His arm was broken, hanging at a weird angle, but he ignored it.

He needed shelter.

He saw a small, dark alleyway a few meters away—a sliver of shadow between two towering buildings.

He hobbled toward it, every step a battle against gravity.

He finally reached the alley and slumped against the cold brick wall, sliding down until he was a small ball of misery tucked into a corner.

"...I'm so lonely… I miss them so much…"

He curled his arms around his legs, tucking his head into his knees.

He was a seven-year-old child with a broken heart and a broken arm, with no home to return to and no one to call for.

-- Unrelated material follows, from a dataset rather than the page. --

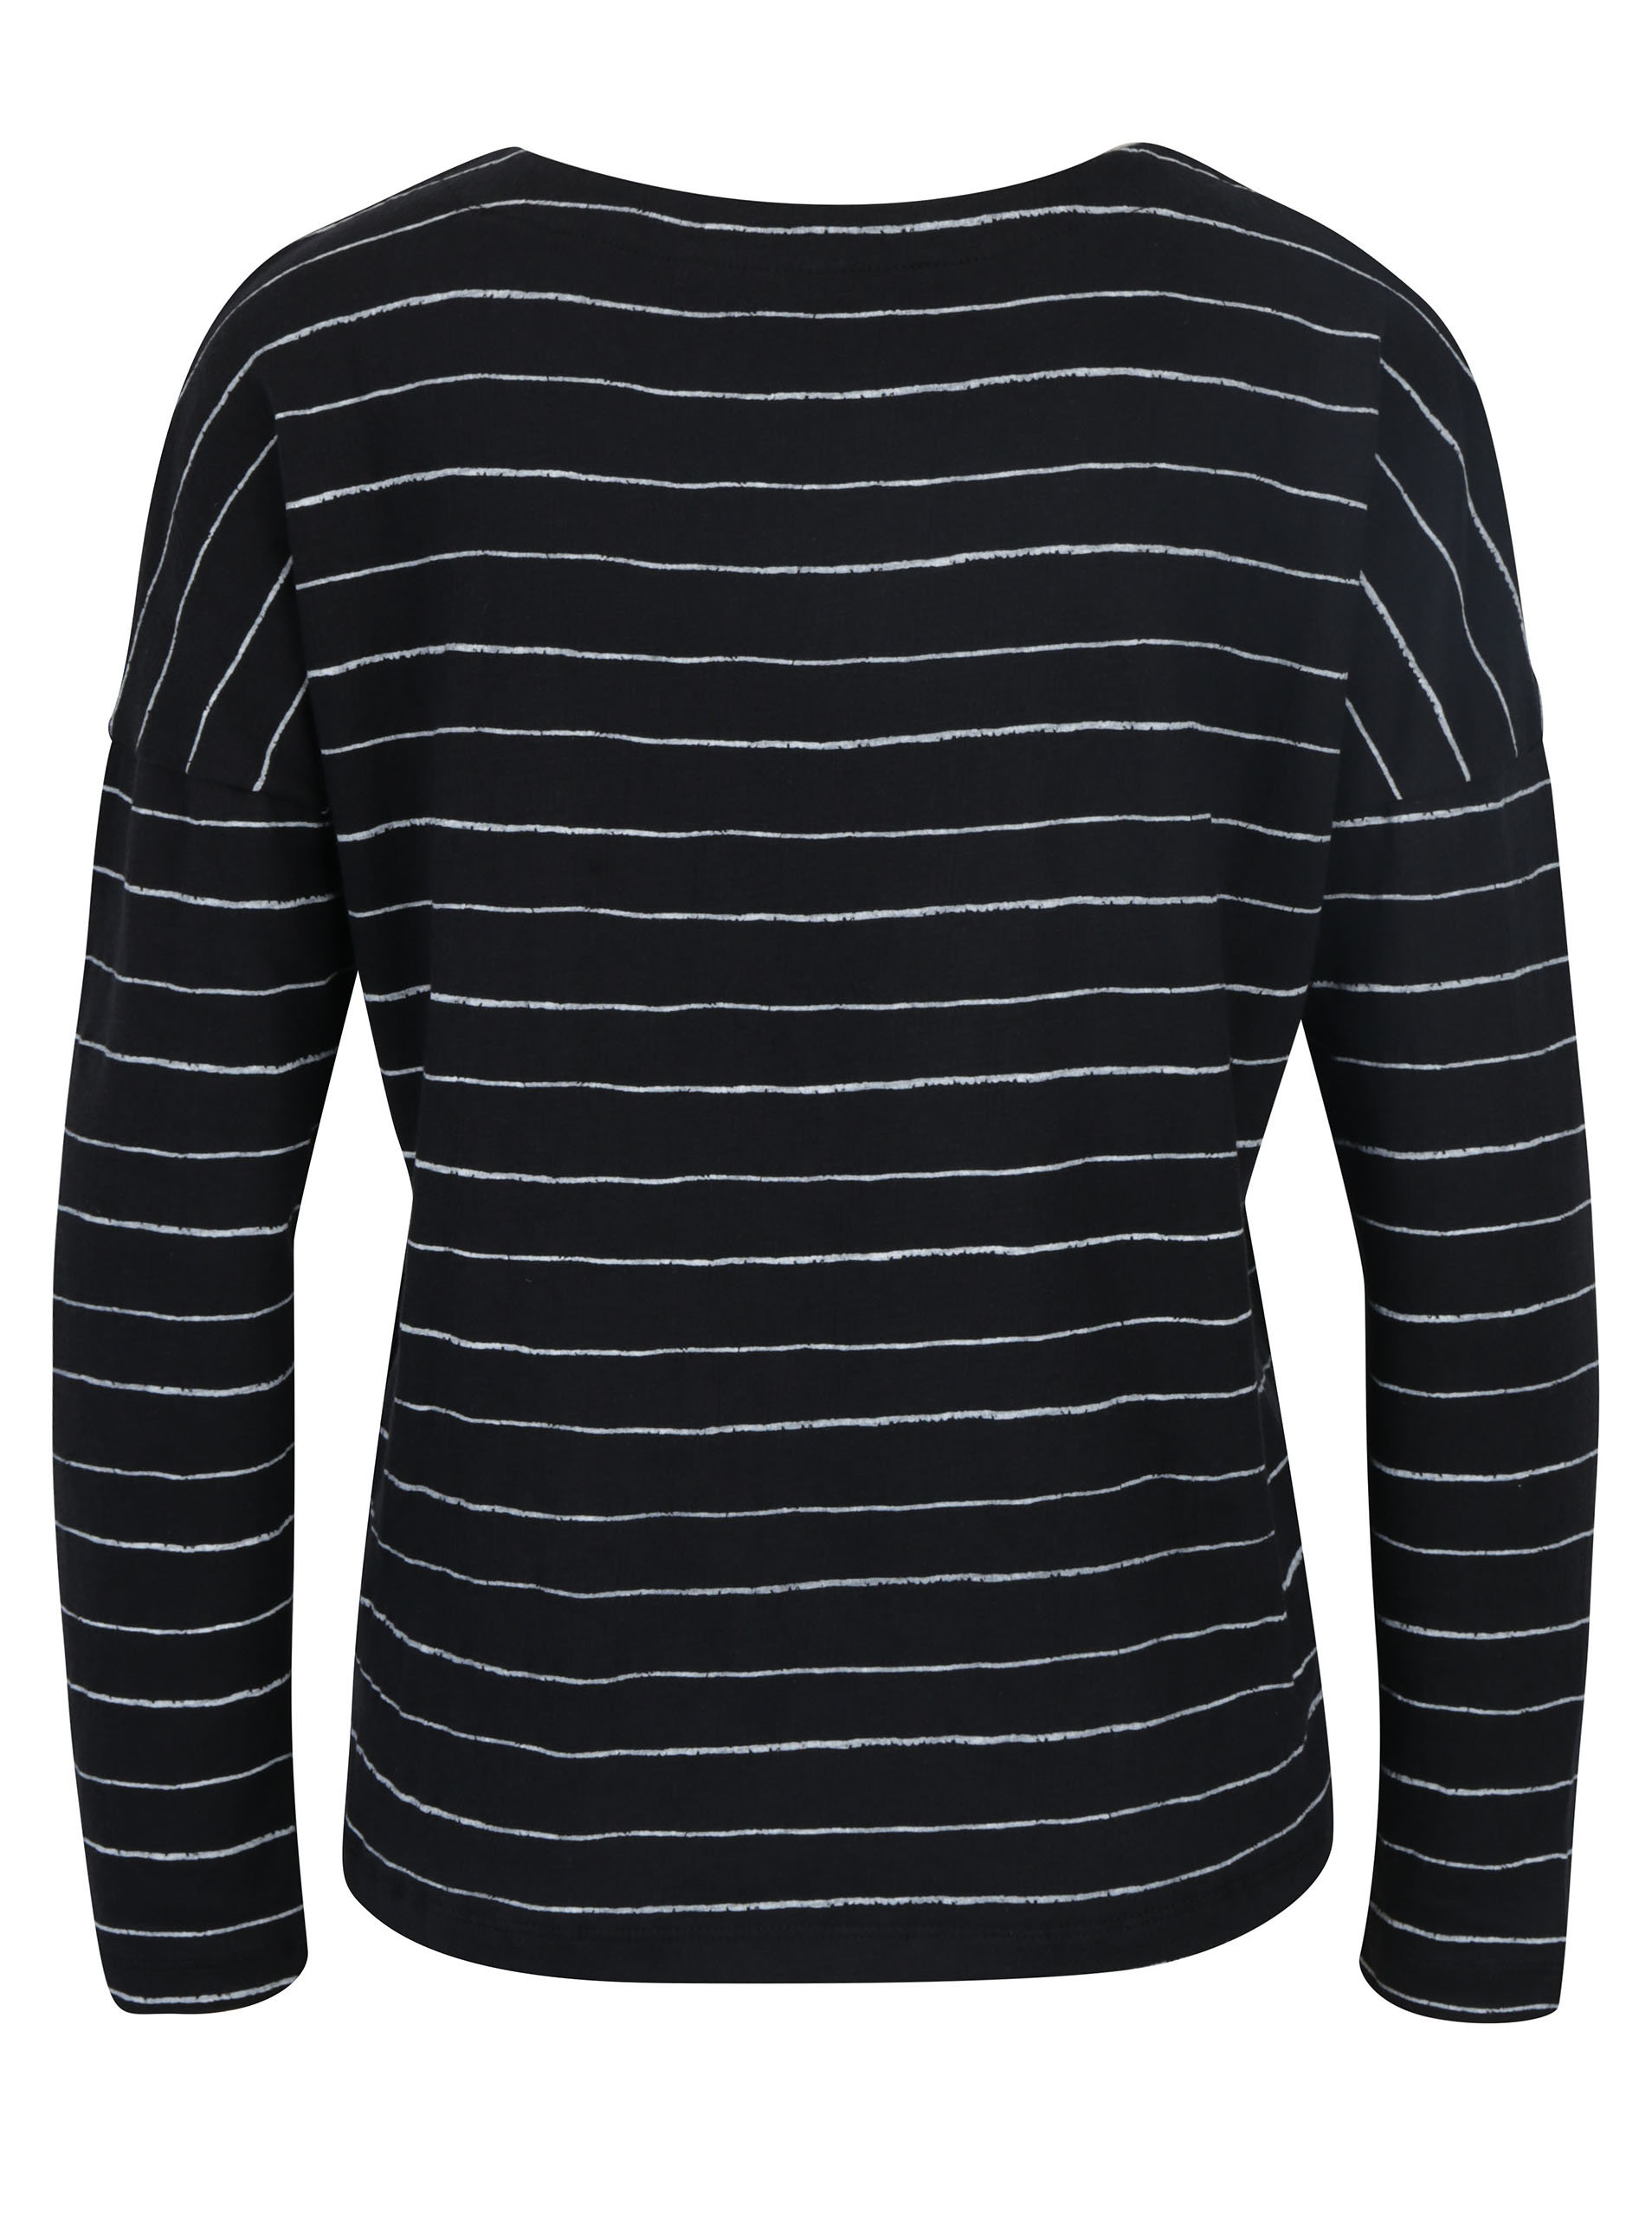 Černo-bílé dámské pruhované tričko Roxy Dream Taste ... 4134de1fa9

"Everyone hates me. I'm so tired. I think I'll just sleep... with my eyes closed this time."

His eyes fluttered, the darkness of the alley becoming a comforting blanket.

.

.

.

"...Is this what it felt like for them? It's so cold... but it's nice. Like the softest bed."

.

.

.

"I don't feel the rain anymore. I'm drifting. Like a balloon."

.

.

.

"Everyone... please don't leave me here. I'm coming. I'm joining you."

.

.

.

Soft, distant groans.

.

.

.

"...What? Someone is touching me..."

"Come on! Get up!"

.

.

.

"Who... did they find me? Is it the old man?"

"Hey! You!"

.

.

.

"Wake up! I wanna be your friend!"

.

.

.

The rain had stopped.

The silence that followed was heavy, broken only by the sound of someone pulling at his sleeve.

Narasao didn't know how long he had been in the dark—three hours?

Five?

His body was stiff, his muscles aching with the phantom memories of the fall.

"Can you hear me?"

It was so tiring.

All that running just to end up in a trash-filled alley.

This was why he had always been afraid of the stairs at home.

Home.

The word felt like a bruise.

He felt a sharp tug on his left arm, someone trying to pull him out of the shadows.

"Wakey wakey!"

With a final, forceful heave, an unknown girl pulled Narasao out of the darkness and into the brilliant, blinding glare of a new day.

Narasao's eyes snapped open, his pupils shrinking to pinpricks in the sudden light.

His instincts screamed at him to transform, to defend, to crush whatever was touching him—but the hands on his arm were soft.

They were warm.

They held a heat that wasn't like the fire or the explosion.

It was a warmth that felt like a kitchen in the morning.

Like a hug after a bad dream.

He lifted his head, squinting against the sun, and the first thing he saw was a smile that seemed to rival the daylight itself.

He saw deep purple eyes and long, wavy blonde hair that glowed like gold.

She looked like an angel from one of Miss Idila's books.

"Hello!" she shouted right into his face, pulling him fully into the sunlight.

Narasao was stunned.

He was a blood-stained, broken boy, and this girl was looking at him as if he were the most interesting thing in the world.

He felt a sudden, sharp wave of shyness wash over him.

"W-who are you?" he whispered, his voice cracking. "Are you... are you going to hurt me?"

The girl let out a cheerful, ringing laugh that seemed to chase away the last of the shadows in the alley.

"No, silly! I'm Trizha! And you look funny! Wanna be friends?!"

In the ruins of his life, a girl named Trizha Frantzes had reached into the dark.

And for the first time in nine years, Narasao felt a connection that the fire couldn't touch.